Rootin’-tootin’ history of the dry-gulchers, horn-swogglers, and outright killers who populated the Wild West’s wildest city in the late 19th century.

The stories of Wyatt Earp and company, the shootout at the O.K. Corral, and Geronimo and the Apache Wars are all well known. Clavin, who has written books on Dodge City and Wild Bill Hickok, delivers a solid narrative that usefully links significant events—making allies of white enemies, for instance, in facing down the Apache threat, rustling from Mexico, and other ethnically charged circumstances.

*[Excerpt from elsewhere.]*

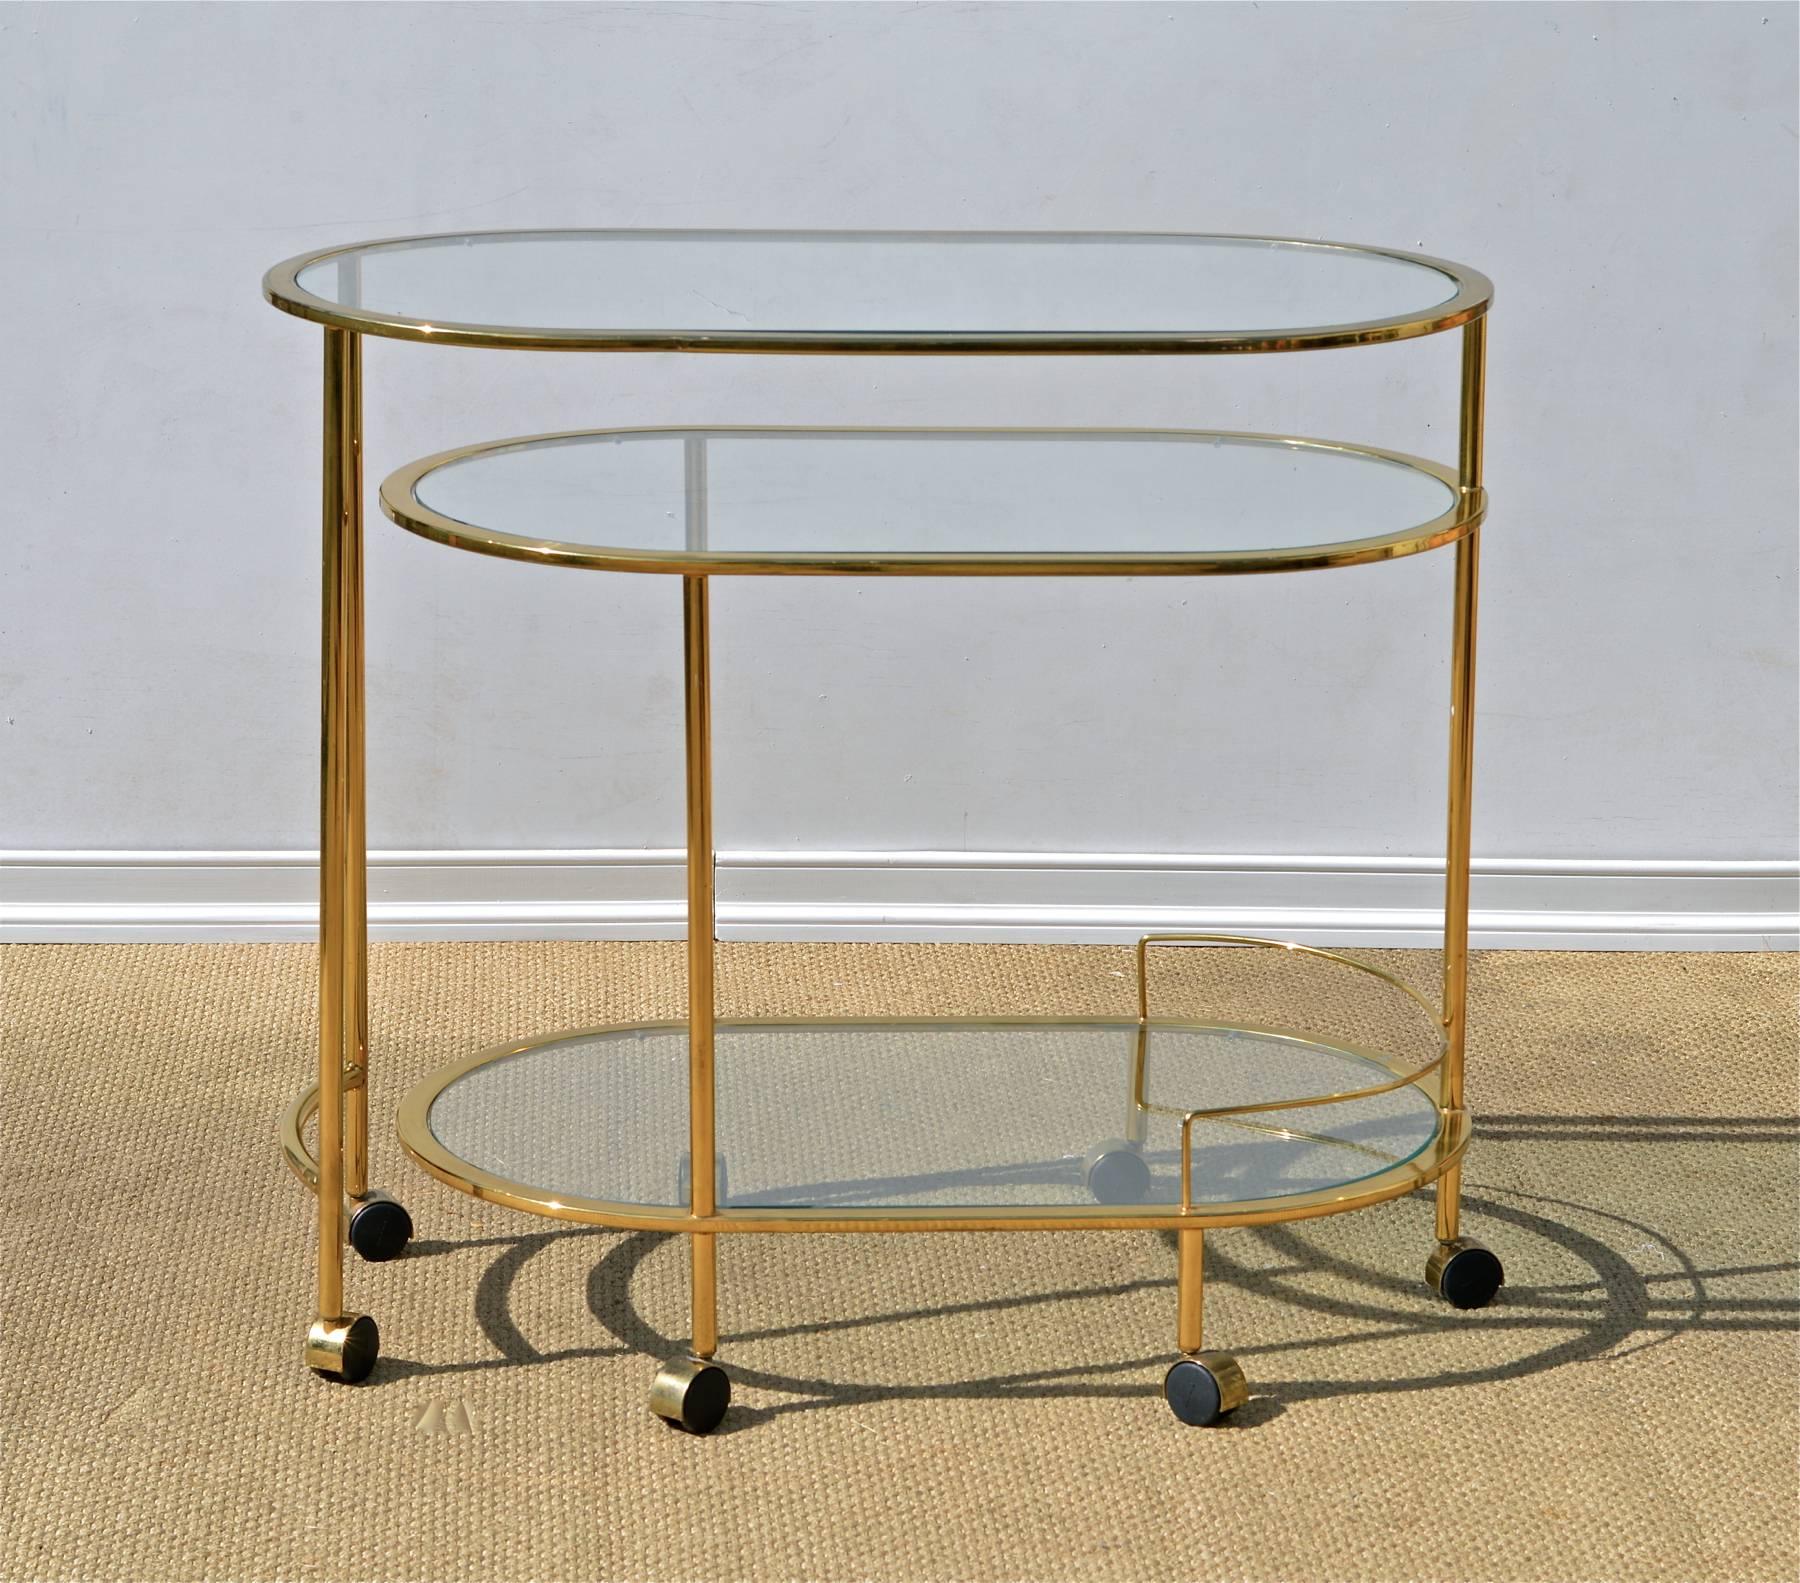 Vintage bar cart of brass and glass in the manner of Karl Springer. The functional service trolley articulates 180 degrees to provide maximum surface area for entertaining.
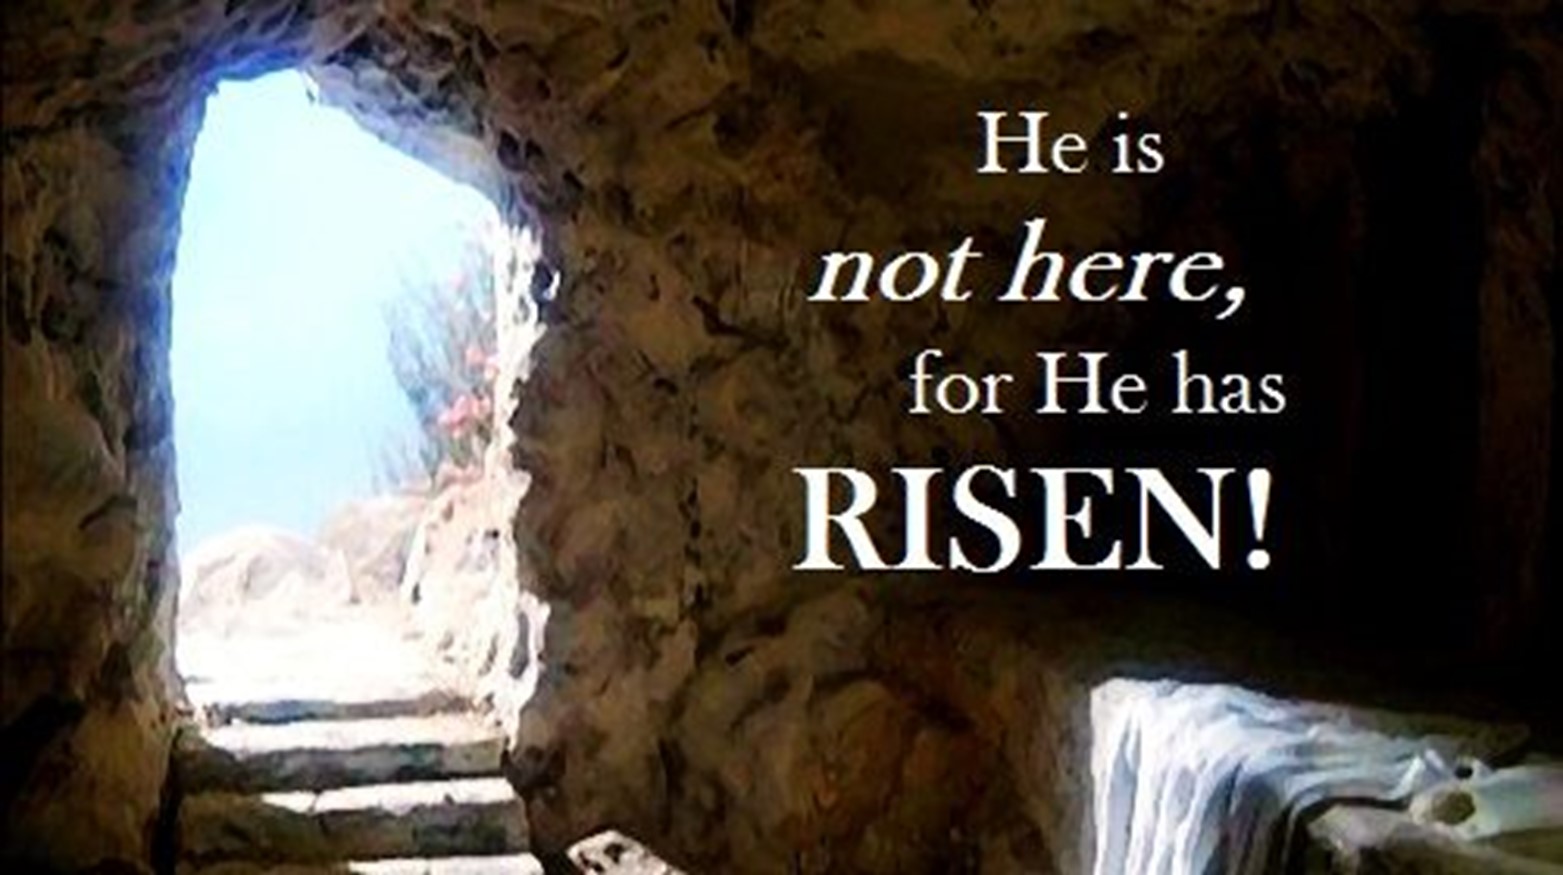 He has risen image text on image

The author is a touch revisionist, in the modern fashion, in noting that the Earps and Clantons weren’t as bloodthirsty as popular culture has made them out to be. For example, Wyatt and Bat Masterson “took the ‘peace’ in peace officer literally and knew that the way to tame the notorious town was not to outkill the bad guys but to intimidate them, sometimes with the help of a gun barrel to the skull.” Indeed, while some of the Clantons and some of the Earps died violently, most—Wyatt, Bat, Doc Holliday—died of cancer and other ailments, if only a few of old age. Clavin complicates the story by reminding readers that the Earps weren’t really the law in Tombstone and sometimes fell on the other side of the line and that the ordinary citizens of Tombstone and other famed Western venues valued order and peace and weren’t particularly keen on gunfighters and their mischief. Still, updating the old notion that the Earp myth is the American Iliad, the author is at his best when he delineates those fraught spasms of violence. “It is never a good sign for law-abiding citizens,” he writes at one high point, “to see Johnny Ringo rush into town, both him and his horse all in a lather.” Indeed not, even if Ringo wound up killing himself and law-abiding Tombstone faded into obscurity when the silver played out.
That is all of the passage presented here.